Bollworm, Helicoverpa zea (Boddie)
Tobacco budworm, Heliothis virescens (F.)
Description. These two insects are sometimes described as the bollworm/budworm complex or the Heliothine complex because they often occur in the field at the same time. The adults of the two insects are easy to distinguish but the larvae can only be separated under magnification.
The adult bollworm is a relatively large moth with a wing span and body length of approximately 1.5 inches. Fore wings vary from light brown or tan to reddish-brown and are marked with dark areas near the tip and a dark spot usually near the center. The hind wing of the bollworm moth is white to light tan with an irregular dark band on the outer hind margin. The adult tobacco budworm is similar but with a slightly smaller wing span and body length of about1.25 inches. The fore wing of the tobacco budworm usually is light olive green with three or four light-colored, oblique bands (like sergeant stripes).
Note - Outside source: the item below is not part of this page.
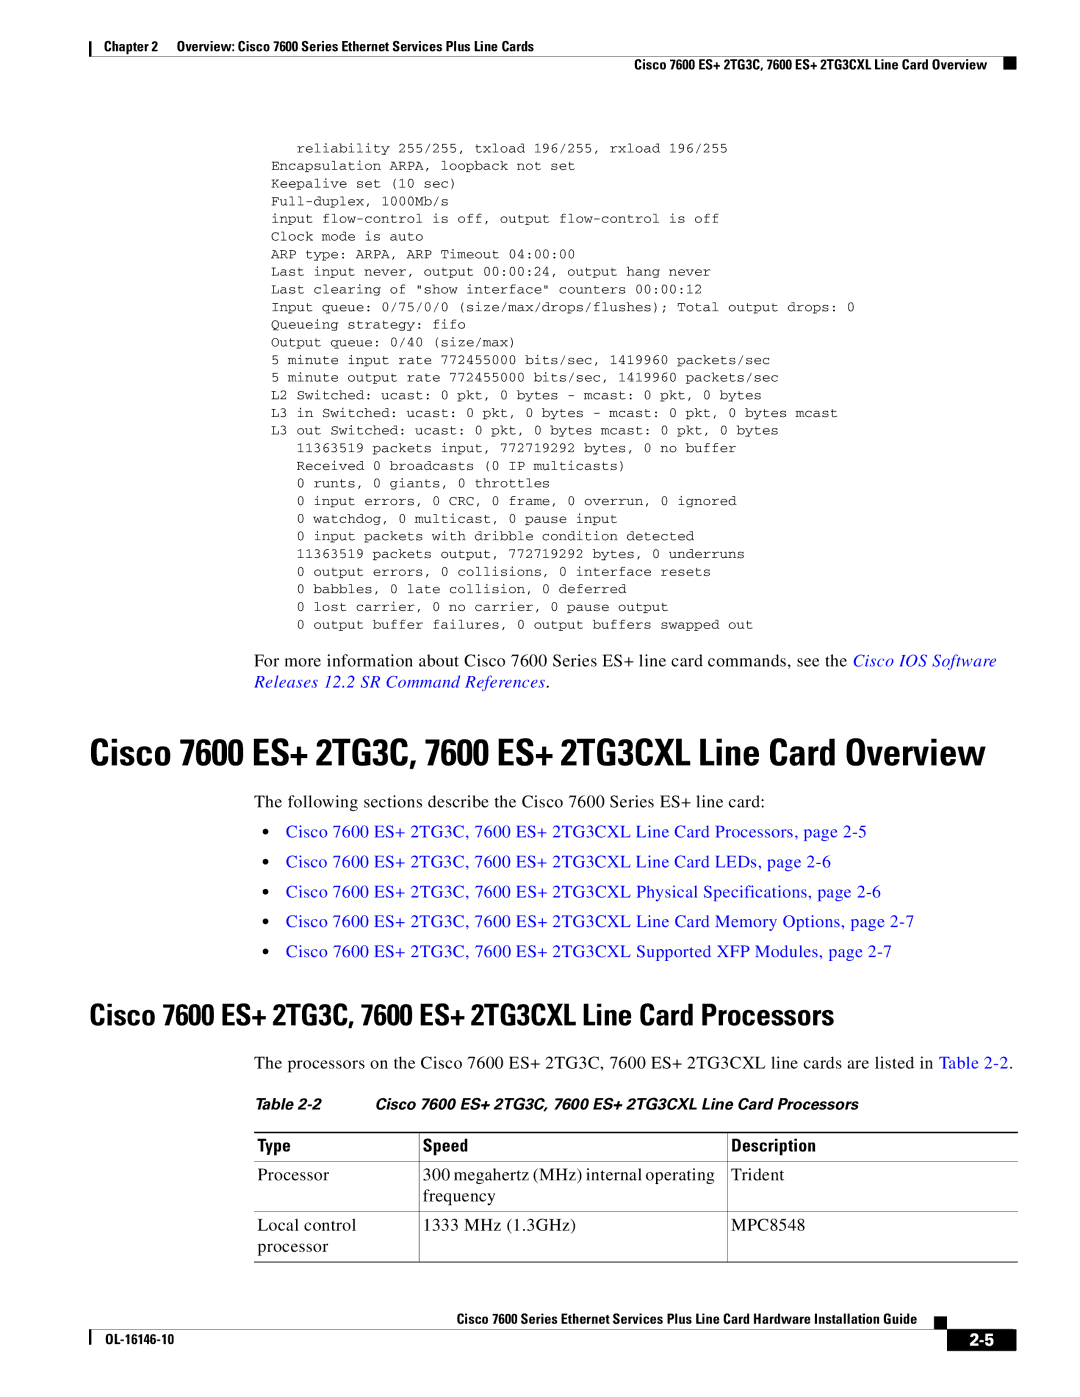 Cisco Systems OL-16146-10 manual Cisco 7600 ES+ 2TG3C, 7600 ES+ 2TG3CXL Line Card Processors, Type Speed Description

The larvae of both species have many very short hairs along the body which can be used to distinguish these species from other caterpillars. However, in the larval stages, bollworms and tobacco budworms look alike. Their size varies from very small (1/16 inch) when hatched up to 2 inches long as the larva reaches maximum size. Tobacco budworm larvae have a tooth-like projection on the inside surface of the mandibles and fine short hairs on the first, second and eighth abdominal projection (tubercle) which bear a single, prominent spine. If the projection and hairs are absent, this indicates a bollworm. A microscope or hand lens (10X) is necessary to observe these characteristics. Full-grown larvae vary in color from pale green, pink or brownish to black, with longitudinal stripes along the back. Both tobacco budworm and bollworm larvae are cannibalistic and thus usually not found in close proximity to one another.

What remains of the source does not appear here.